Several world-leading scientists believe they have discovered what triggered the Magnitude 9 Great East Japan Earthquake of 2011. After drilling into the Japan Trench, they surmised that the slippery clay in the ultra-thin fault zone caused the earthquake that devastated the region and caused a massive tsunami as well, killing 16,000 and injuring 6,150 in 20 prefectures.
27 scientists from 10 different countries conducted the research in the Japan Trench plate boundary megathrust fault by drilling three holes in the ocean floor and looking at the rupture zone where the tectonic plates from the Pacific and North America meet.
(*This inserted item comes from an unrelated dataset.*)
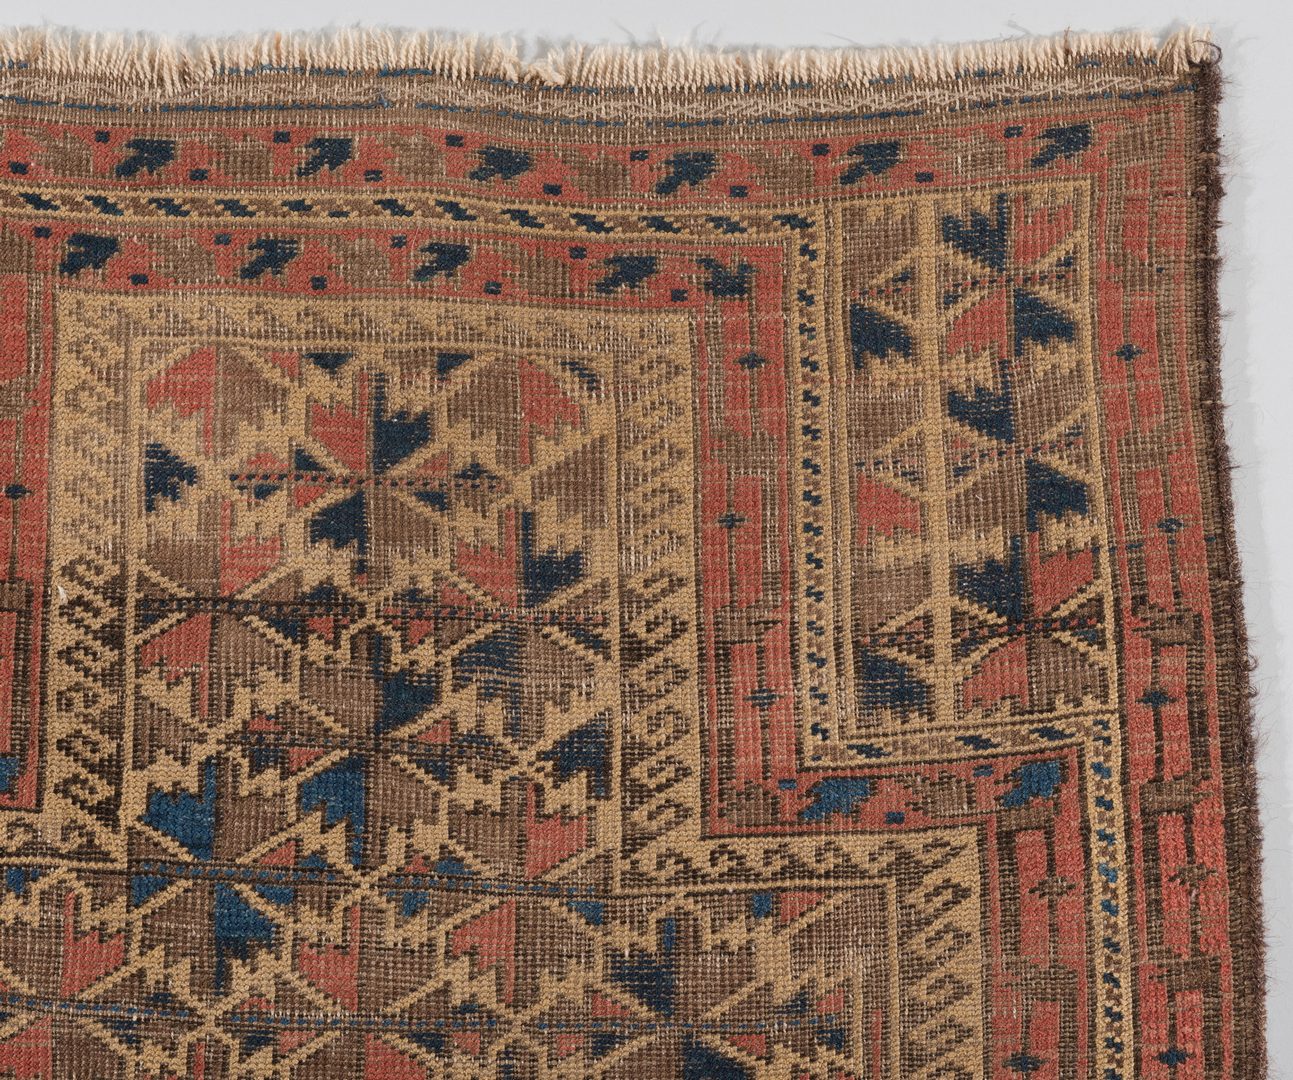 Lot 306: Serabend and Belouchi Area Rugs

The clay is “the slipperiest clay you can imagine” according to geologist Professor Christie Rowe from Canada, comparing it to lubricant. It was because of this substance that it was able to slip through the tectonic plates and travel at faster speeds than that of the normal earthquakes.
But what’s more worrying is that this “deadly clay” can actually cause other similar earthquakes. For example, a similar type is seen in other weak spots in the northwest Pacific crust, from Russia’s Kamchatka peninsula to the Aleutian islands. Another area that contains similar sediments is the Hikurangi Trench in New Zealand up towards Tonga. Kotaro Ujiie, an associate professor at Tsukuba University said that the layer they discovered in that area is about one to five meters thin and is 90% made of low friction clay called smectite. It was originally volcanic ash that was on the surface until it slipped under the plate over a long period of time. Dr Virginia Toy of the University of Otago said that the rock they found in the Japan trench was made of 78% smectite.